◆ **EXCERPTED DATA**

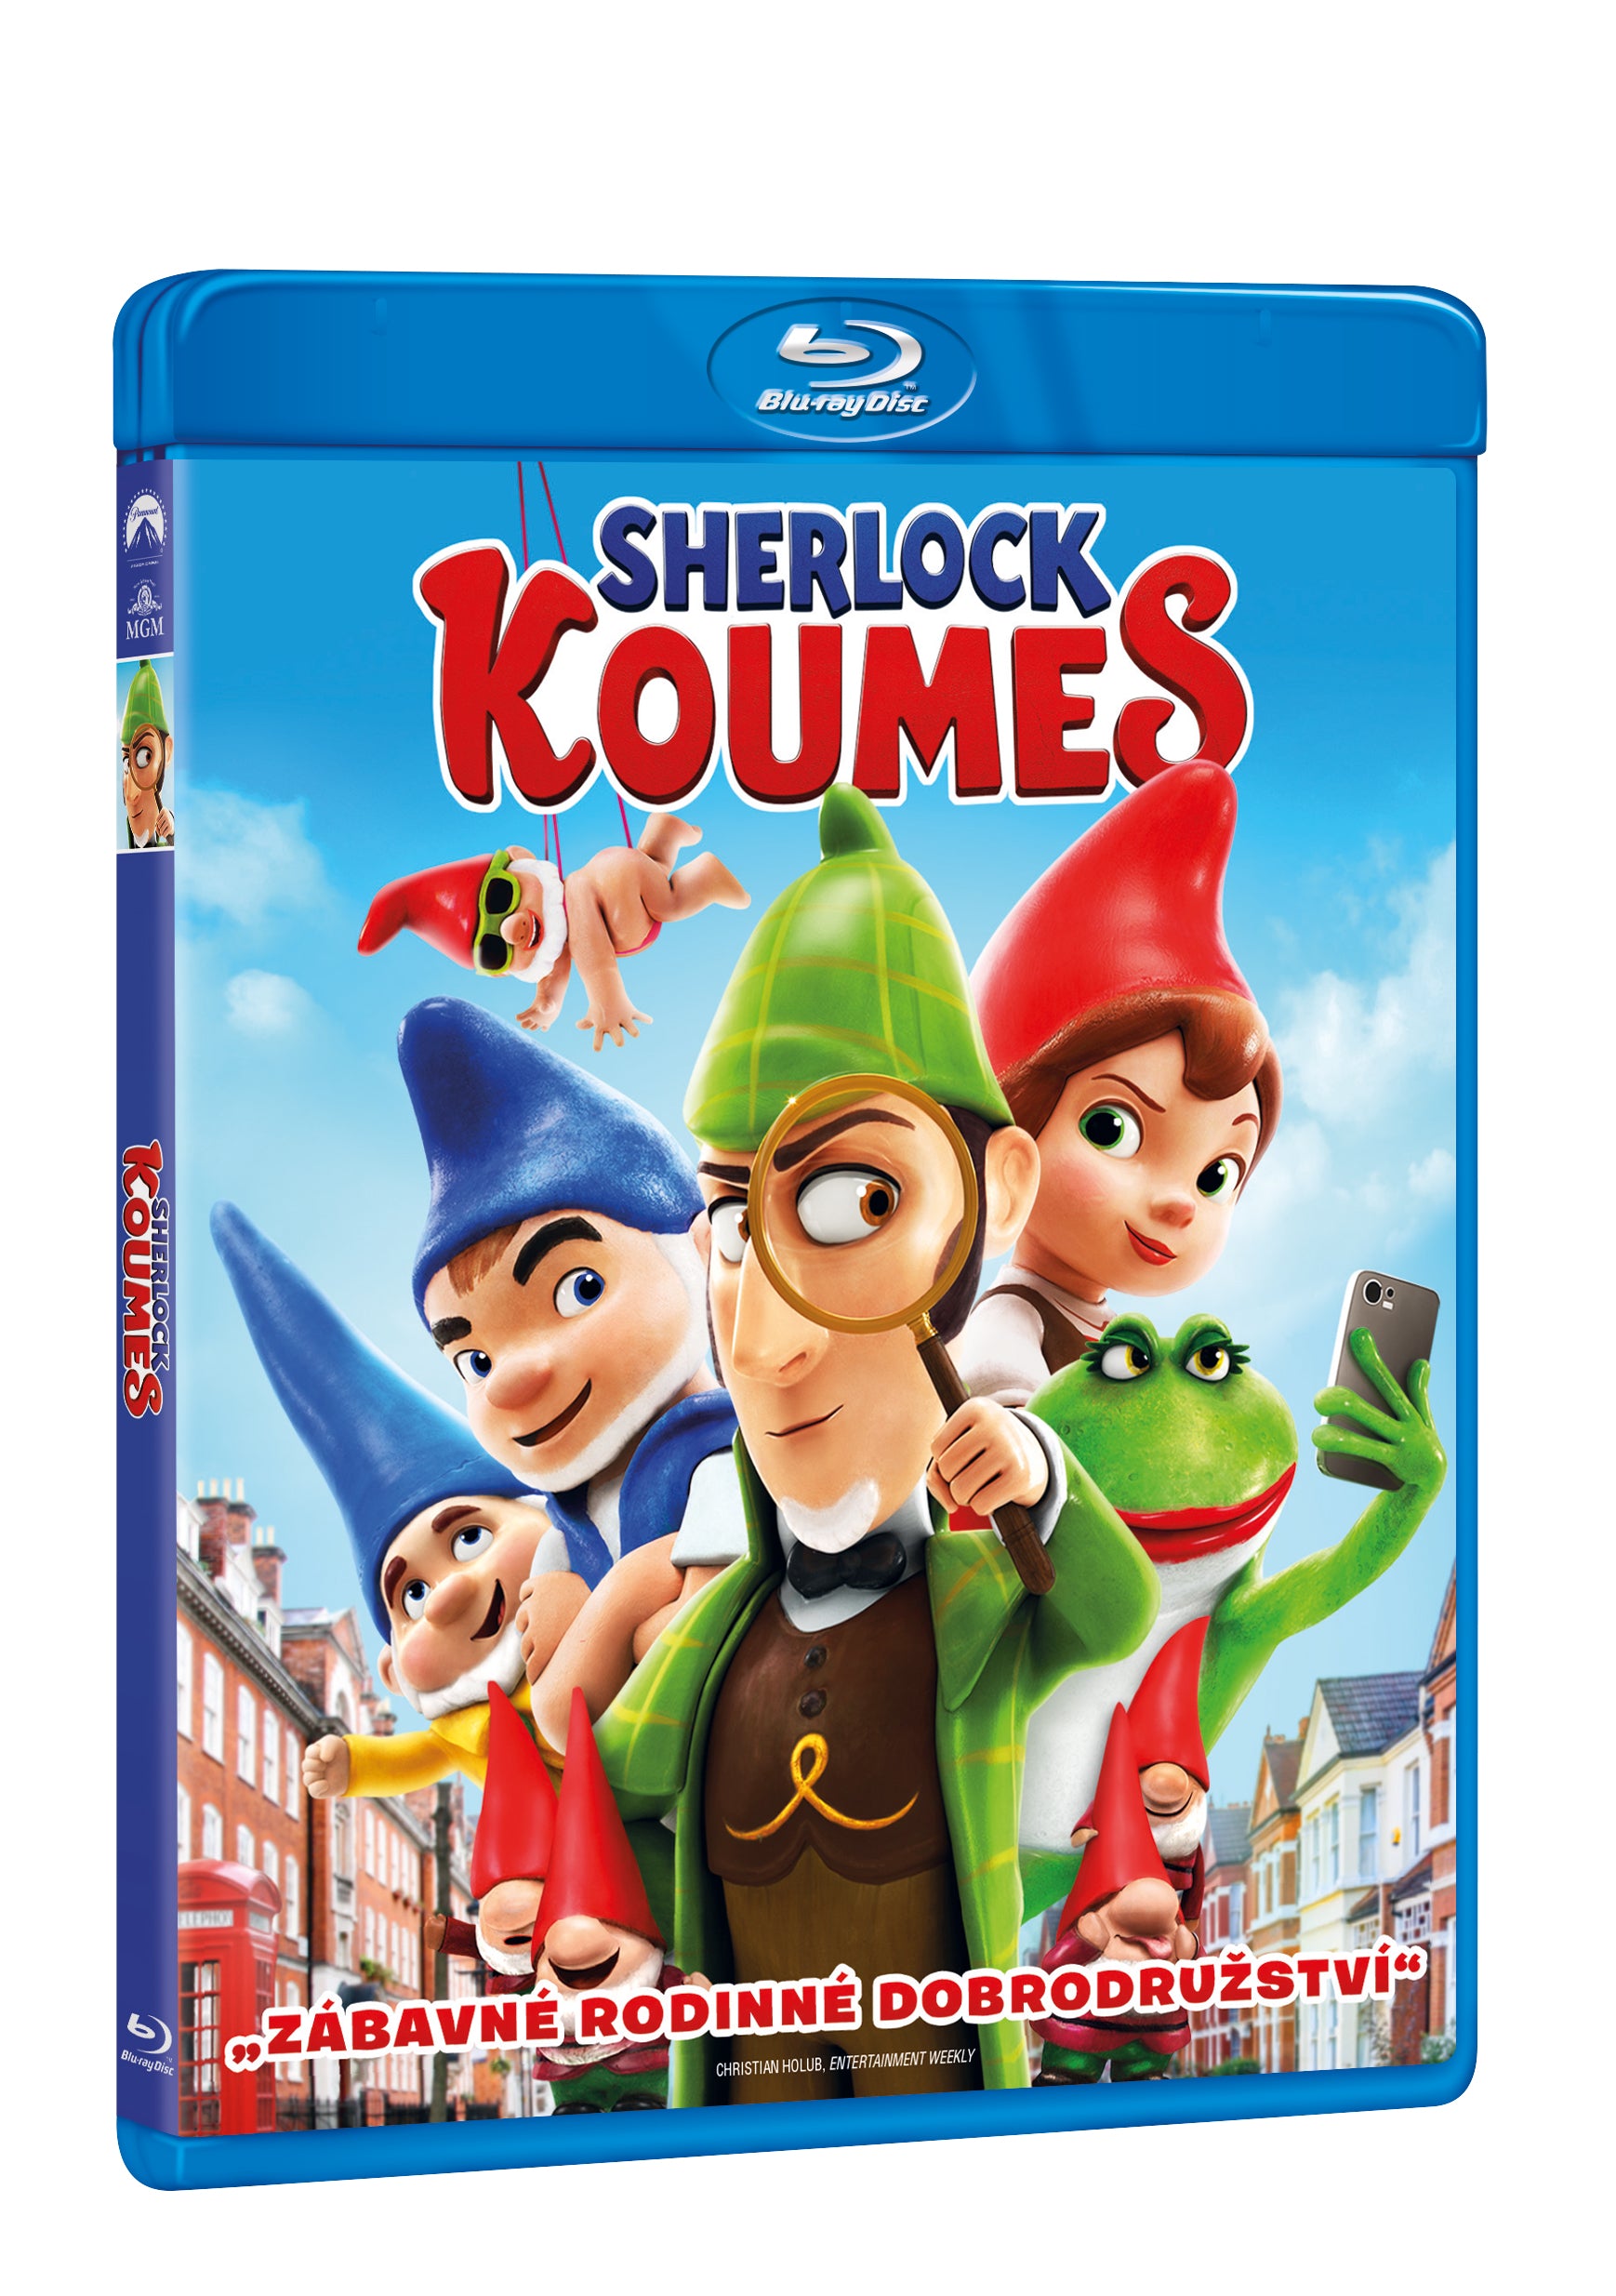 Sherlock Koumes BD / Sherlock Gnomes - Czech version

* * *

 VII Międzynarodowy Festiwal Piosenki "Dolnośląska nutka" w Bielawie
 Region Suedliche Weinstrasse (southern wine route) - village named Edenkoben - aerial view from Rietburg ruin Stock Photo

◆ **EXERCISE REQUIREMENTS**
Above are the entries. Quote exactly the lines from the one bearing "VII Międzynarodowy Festiwal" through the one bearing "Region Suedliche Weinstrasse".

◆ **TASK OUTPUT**
 VII Międzynarodowy Festiwal Piosenki "Dolnośląska nutka" w Bielawie
 Region Suedliche Weinstrasse (southern wine route) - village named Edenkoben - aerial view from Rietburg ruin Stock Photo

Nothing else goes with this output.